Earlier, Cosens asked panelists what has changed in the salmon-versus-dam debate over the past decade or so. She asked them to tailor their responses to students who were too young to recall the heated debates of the late 1990s and early 2000s - when dam breaching was being considered by the corps.
Linwood Laughy, a salmon advocate and frequent Port of Lewiston critic from Kooskia, said plenty is different today. He cited the reduction in cargo being shipped from Lewiston to the Port of Portland in Oregon.
"Freight transportation is down 70 percent," he said. "We have no container shipments going on. The waterway has been abandoned by lumber, logs and petroleum."
He noted wind energy has boomed in the past decade.

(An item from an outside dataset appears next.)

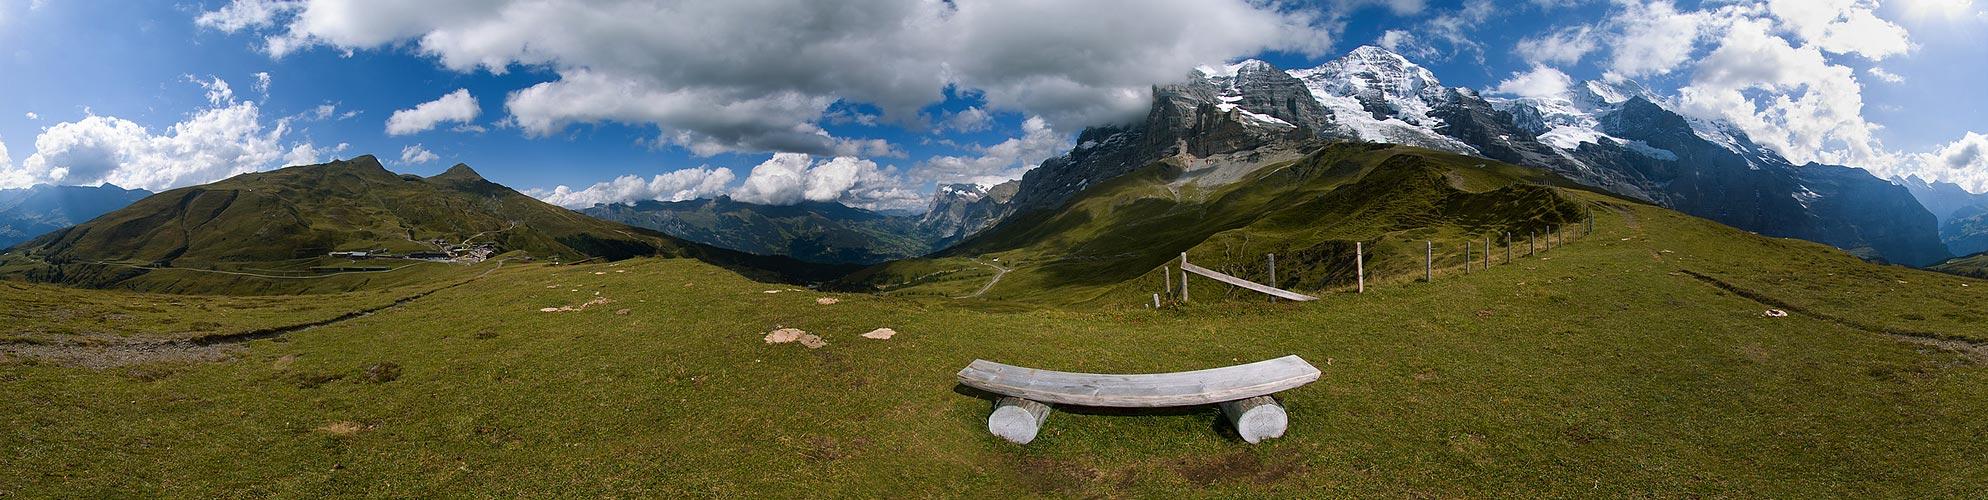 Sitzbank an der Eiger Nordwand

Now, wind farms in the Northwest produce three times the energy that are put out by the dams.
"We have a surplus of energy now and the Northwest Power Planning Council predicts we will have a surplus for quite some time," he said.
Todd Myers, environmental director of the Washington Policy Center at Seattle, a free market think tank, countered that dam breaching and reducing carbon releases from the burning of fossil fuels is incompatible.
"At a time we are concerned about climate change and reducing our carbon emissions, it makes sense to keep this clean energy," he said. Port of Lewiston Manager David Doeringsfeld said the issue is incredibly complex, and in his view focussing on the dams ignores many other problems faced by the fish. He and McKern said the fish runs were in big trouble long before the four lower Snake River dams were built.
"We decimated the fish runs prior to these dams ever going in," Doeringsfeld said.
Laughy lamented the amount of propaganda surrounding the issue. He said industry groups and the corps itself is putting out fuzzy facts
"Before we can ever have a good dialogue about these dams we have to agree on science and we have to agree on a set of facts and put that on the table," he said.
Patrick Wilson, a political scientist with the UI College of Natural Resources, said agreement on facts is difficult to come by in political discussions and he said the question of dams and fish boils down to politics. Some people see big chunks of concrete when they look at the dams, he said.
Wilson also said there may be a few new discussion points around the dam-versus-fish debate. But he said the issue, as of now, lacks the type of crisis that is likely to move political leaders to seriously consider breaching.
"We just don't have that crisis so it's really hard to transcend the status quo," he said.
Perhaps, he said, the decade or more of poor ocean conditions predicted by Pettit will lead to a downward trend in fish returns that will change the politics.
"It might be a different political reality," he said. "I'm not sure it will be enough."